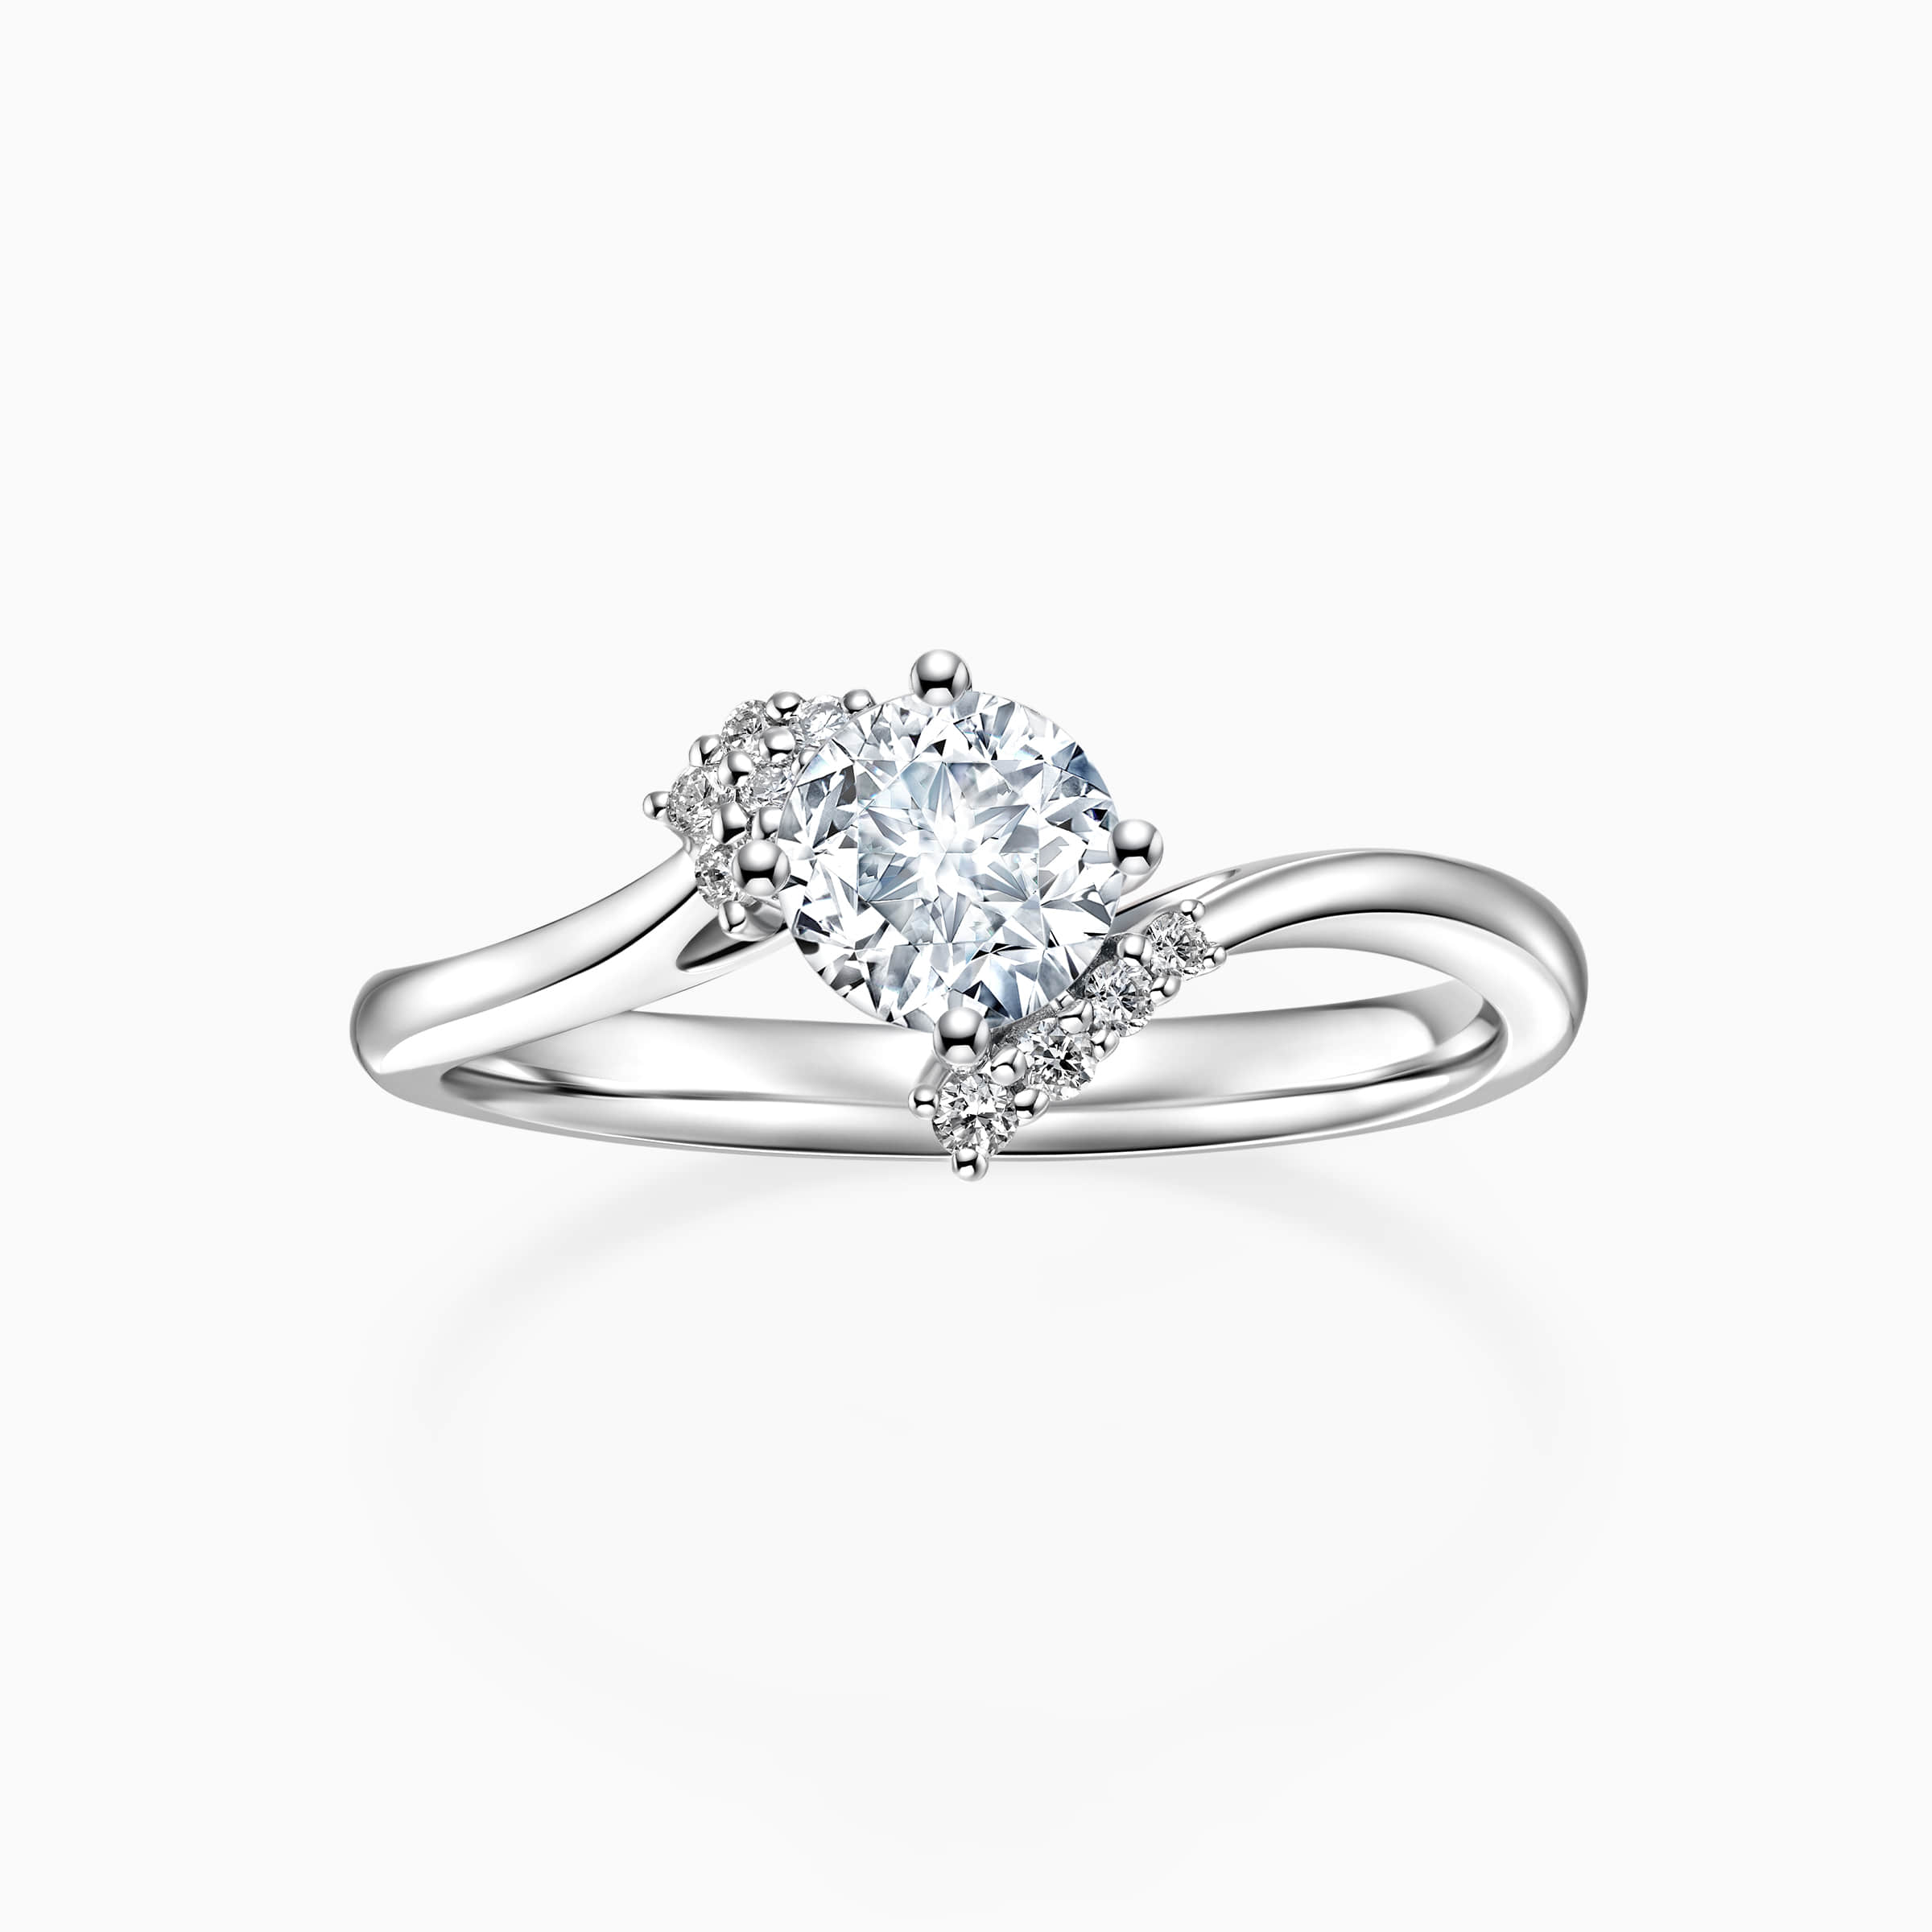 Darry Ring diamond bypass engagement ring white gold
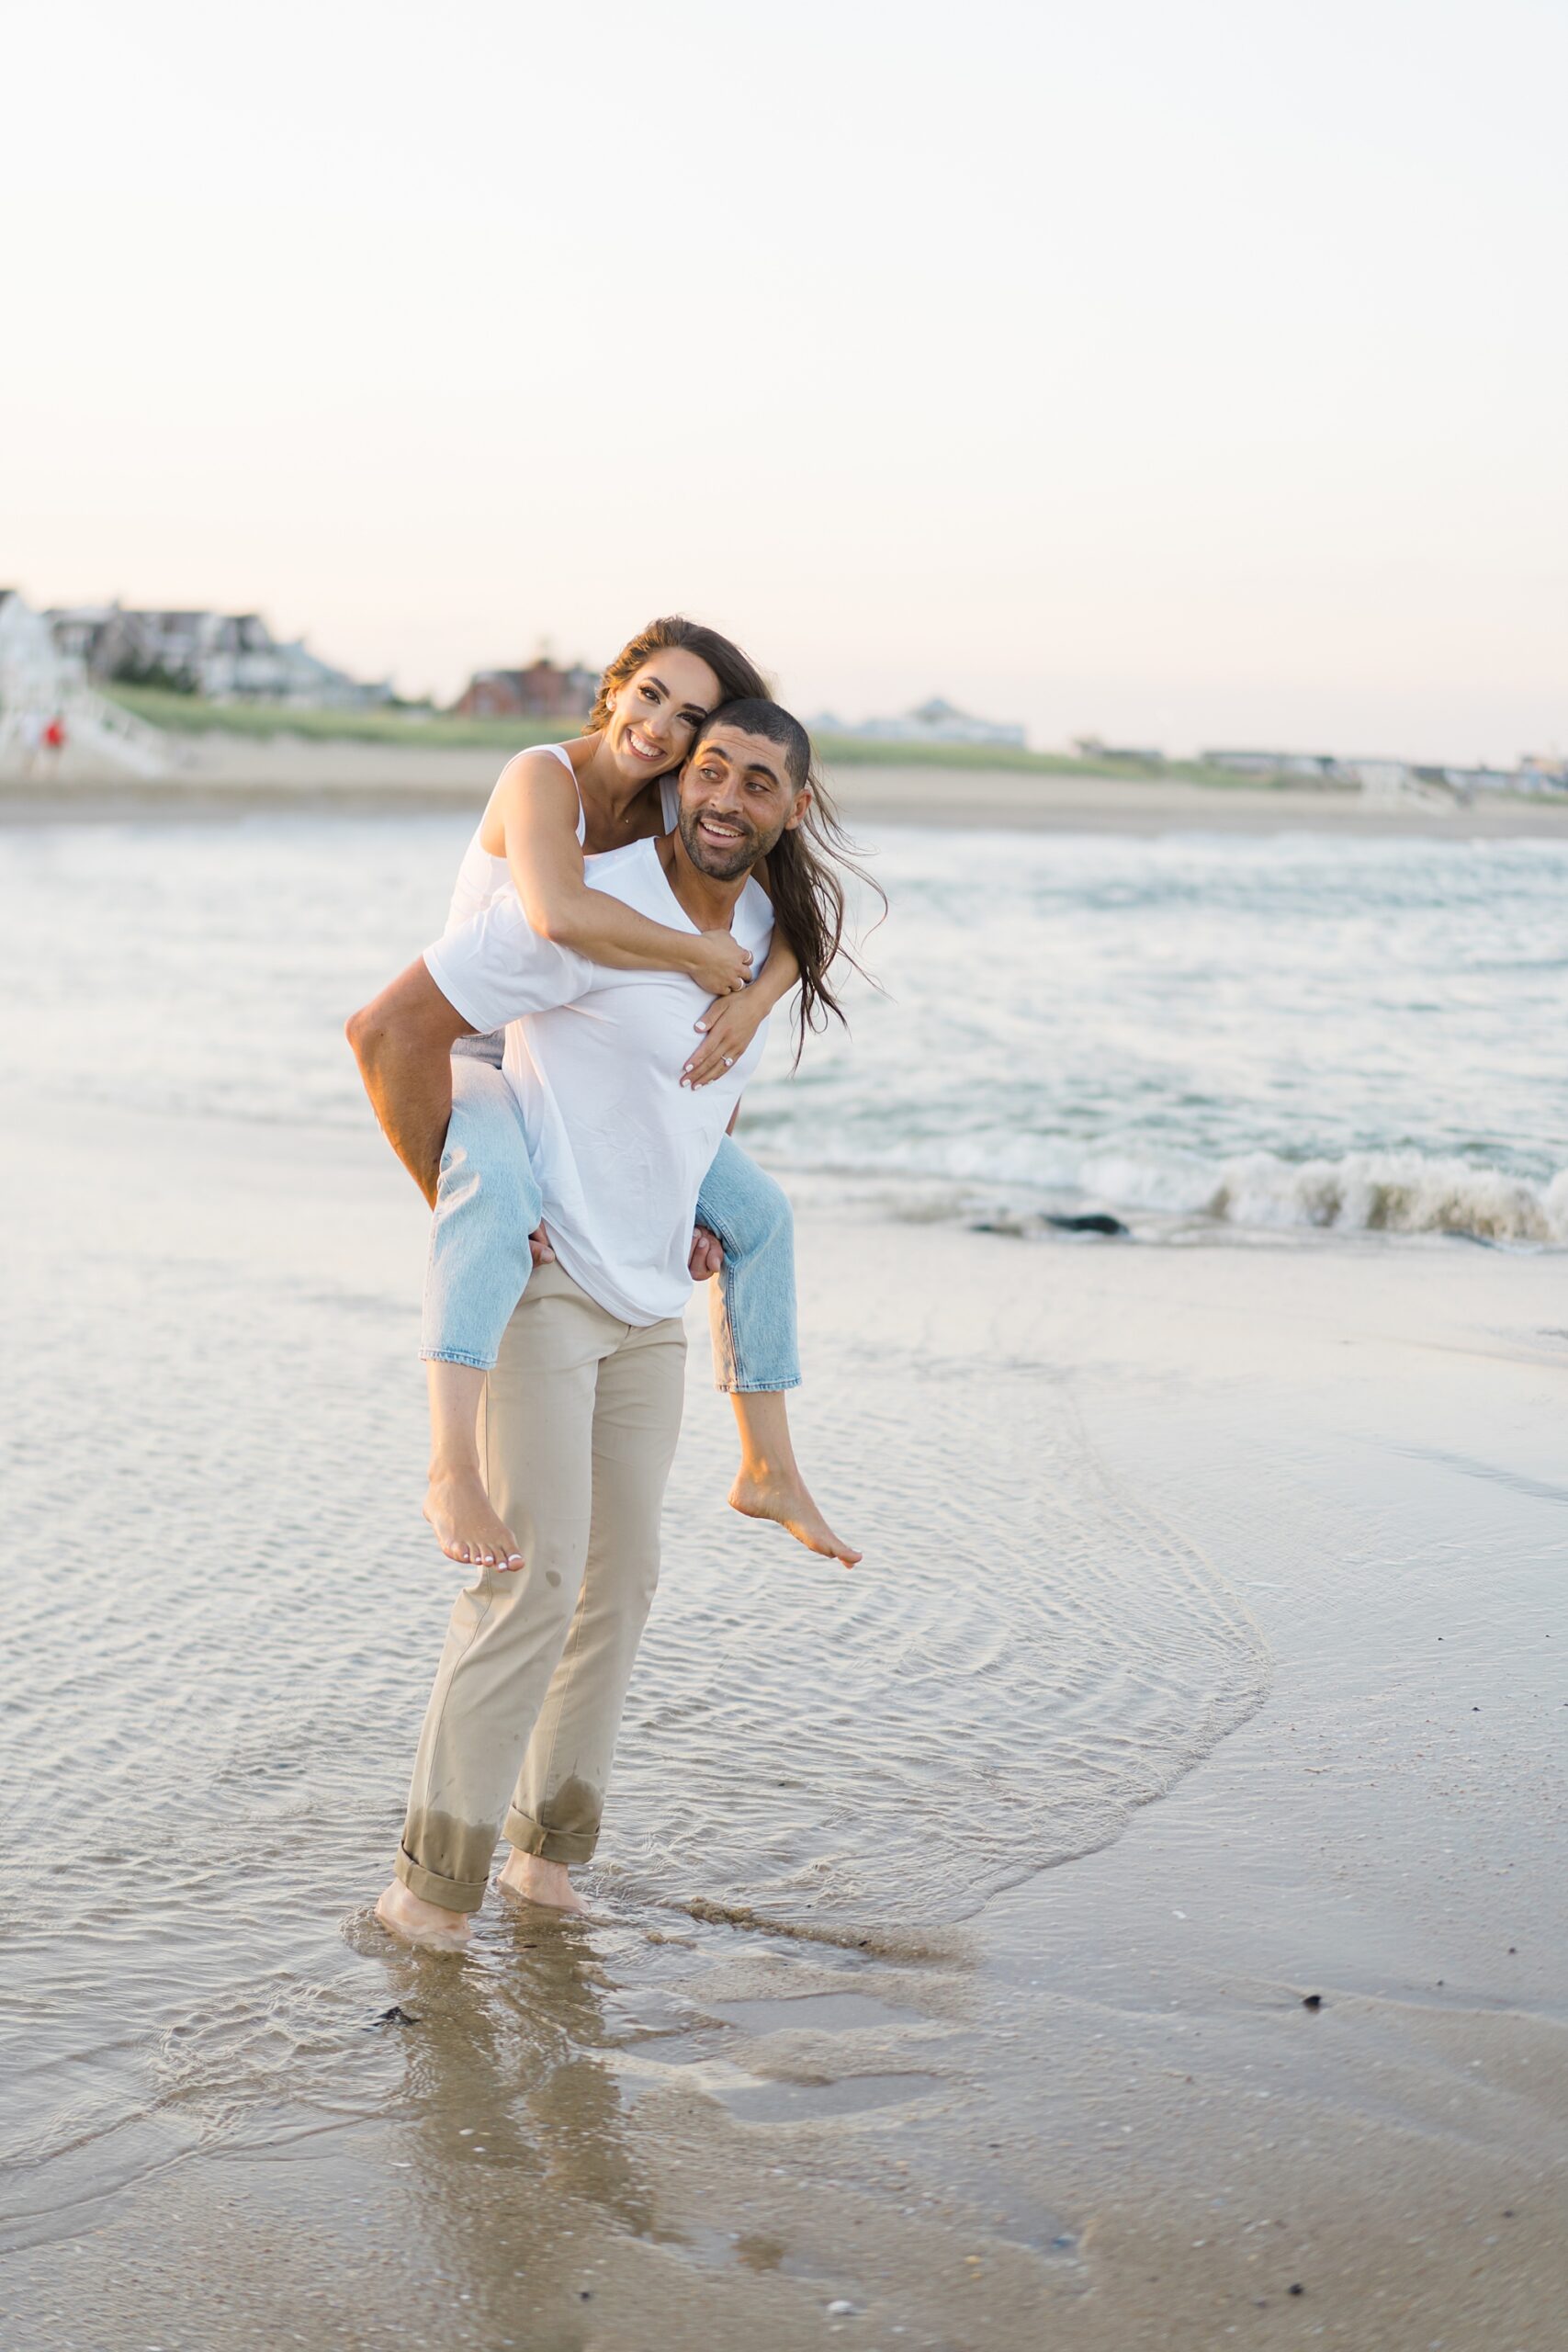 9 Styling Tips for What to Wear in your Engagement Photos
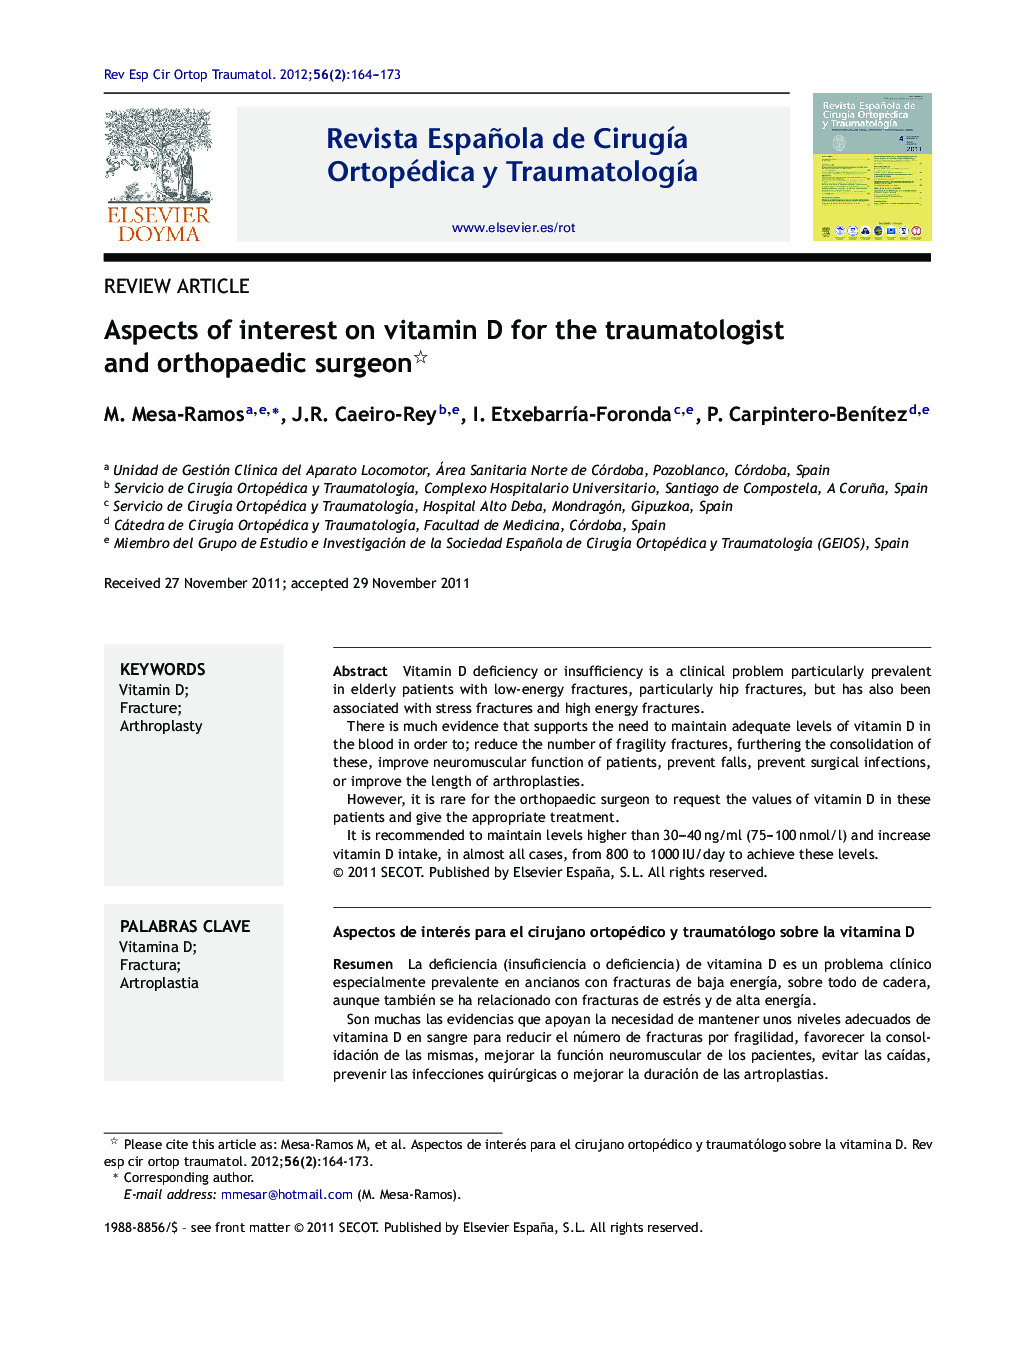 Aspects of interest on vitamin D for the traumatologist and orthopaedic surgeon

## WHAT THE TASK REQUIRES
Repeat the lines above exactly, and keep every picture out.

## TASK OUTPUT
 Darry Ring diamond bypass engagement ring white gold
 9 Styling Tips for What to Wear in your Engagement Photos
 Aspects of interest on vitamin D for the traumatologist and orthopaedic surgeon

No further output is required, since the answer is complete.